Inventive step (Article 56 EPC)
Document D9 focused on the construction entirely in vitro of totally synthetic gene libraries for the variable light chain. The intention of the authors was to find a method which did not depend on in vivo pre-formed antibody specificities. The whole concept of the method of document D9 was to make a synthetic library by use of randomised oligonucleotides. It was an alternative to methods which involved pre-existing variant sequences. Thus, document D9 taught away from the use of regions from pre-formed sequences.
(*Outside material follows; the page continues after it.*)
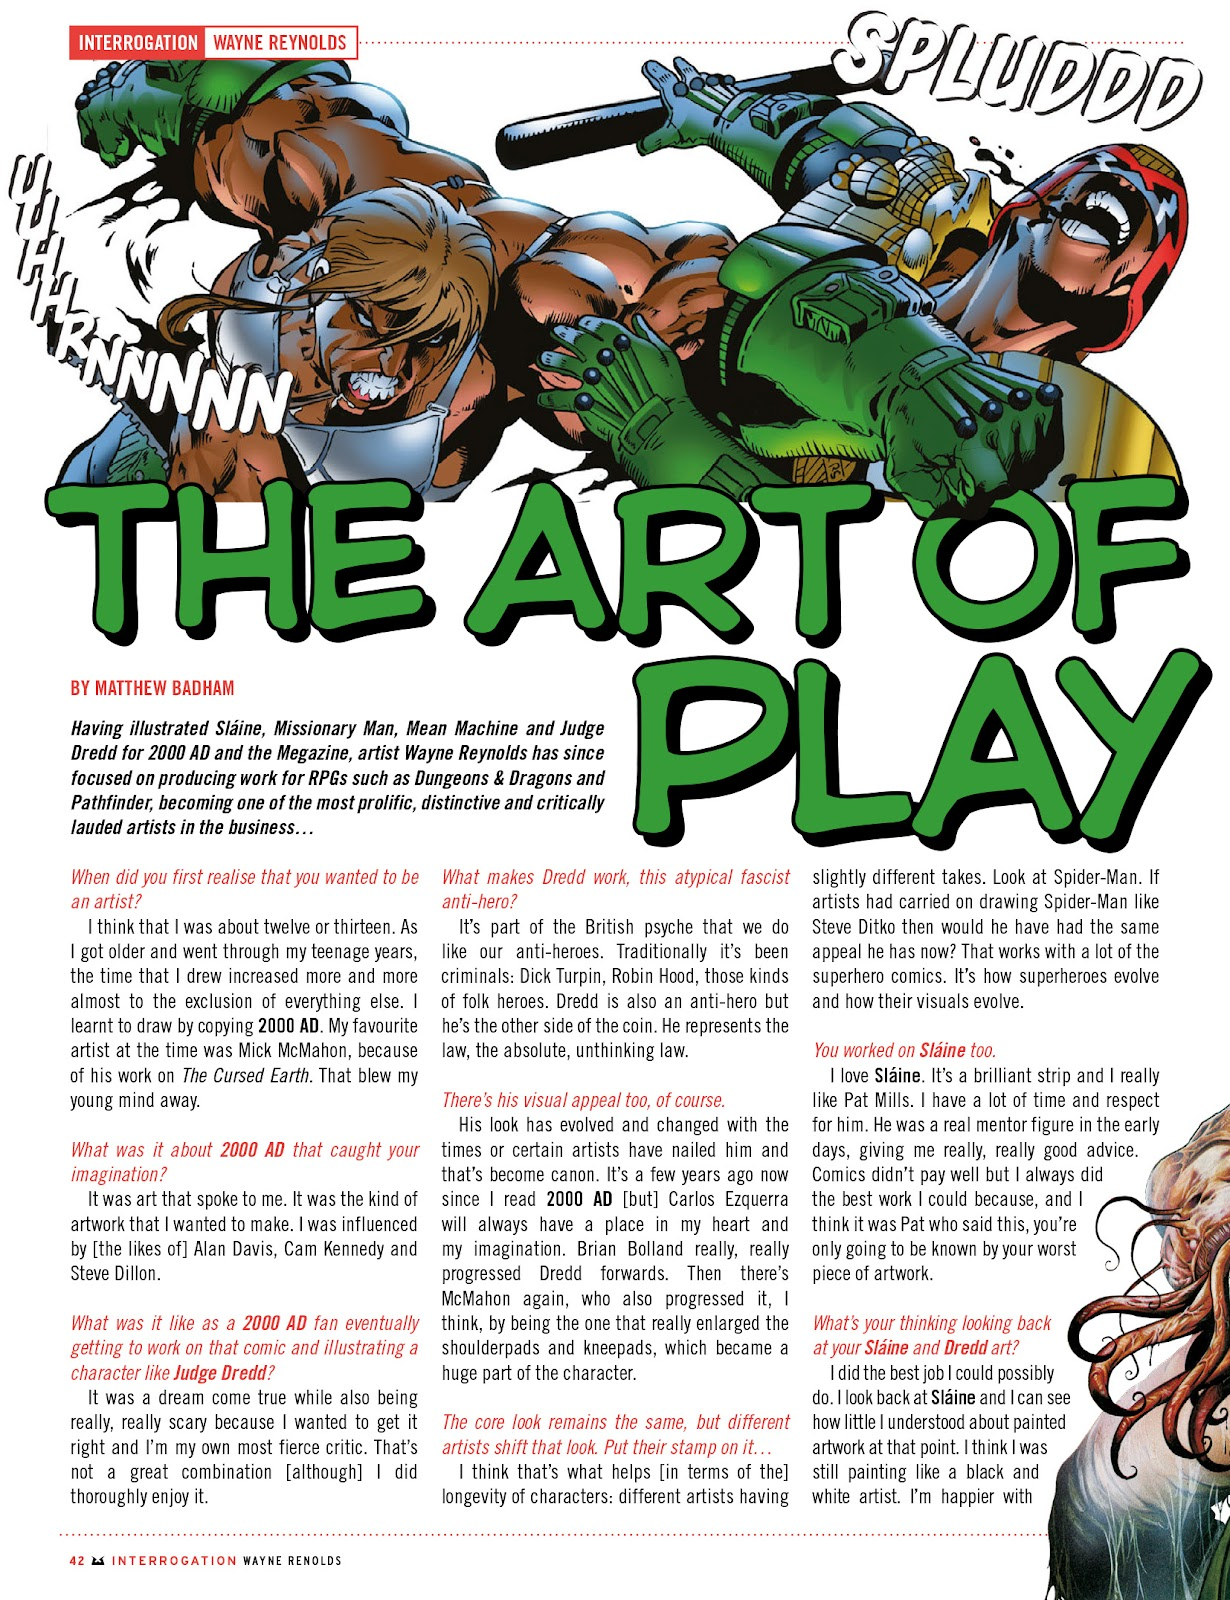 Judge Dredd Megazine (Vol. 5) issue 427 - Page 41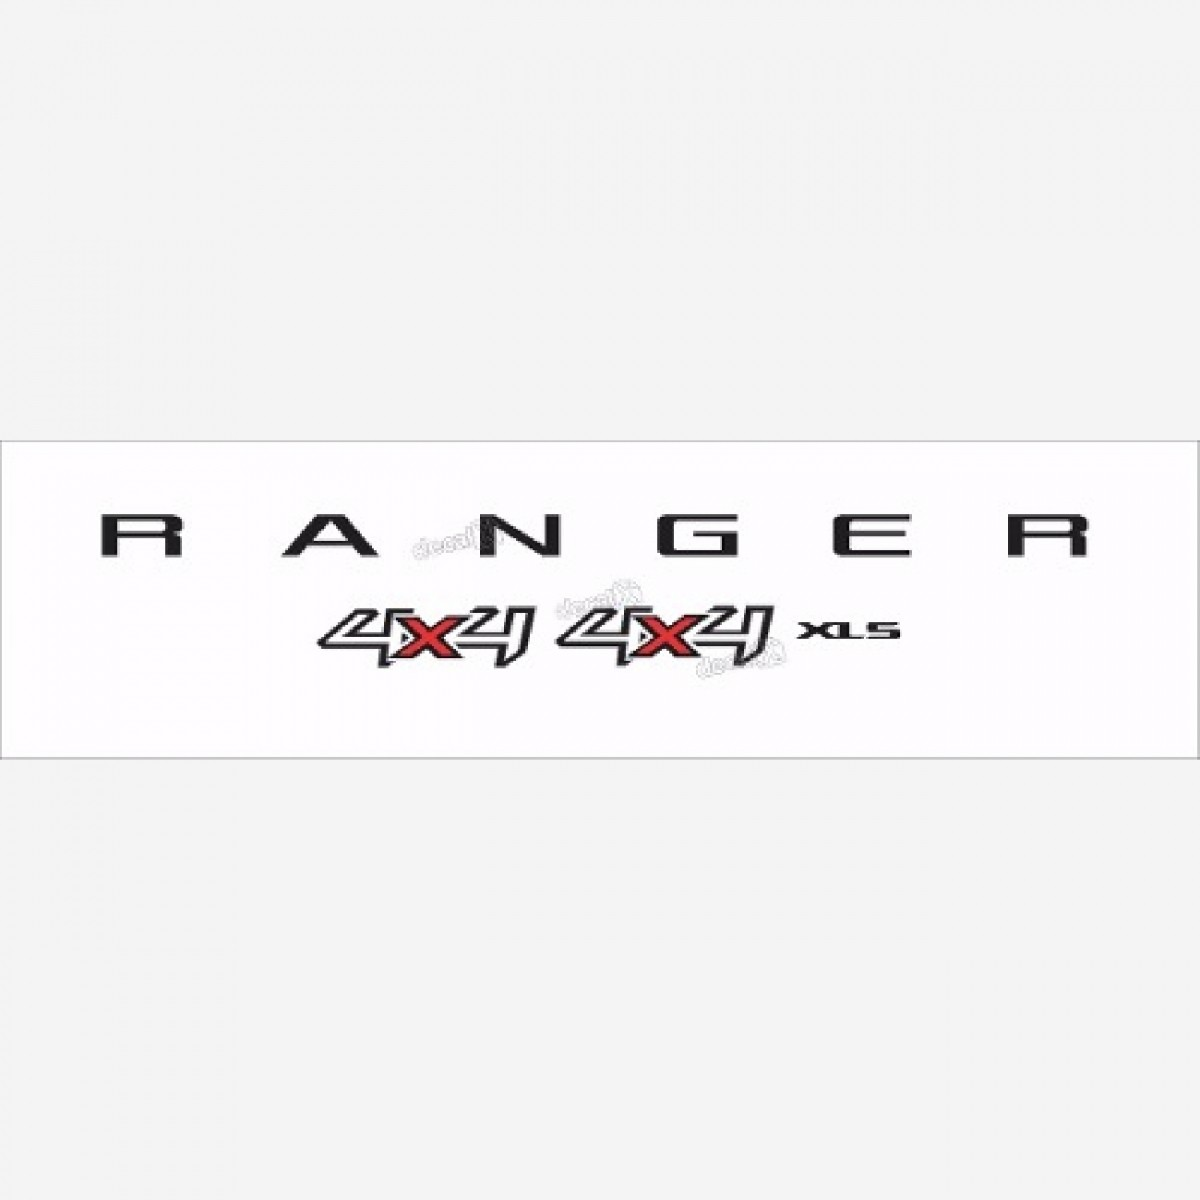 Emblema Adesivo Ford Ranger Xls 4x4 2013 Cam. Branca

The skilled person looking for a source of variant sequences would not have replaced the chemical synthesis of the method of document D9 by an amplification of pre-formed variant sequences obtained from a parent polynucleotide.
Sufficiency of disclosure (Article 83 EPC)
It was not derivable from document D29 that the use of a member of a specific binding pair, such as biotin, was critical to obtain single-stranded sequences. In this respect, document D29 failed to provide any serious doubts, substantiated by verifiable facts. The respondents failed to explain why obtaining single-stranded sequences would cause a skilled person any difficulty whatsoever.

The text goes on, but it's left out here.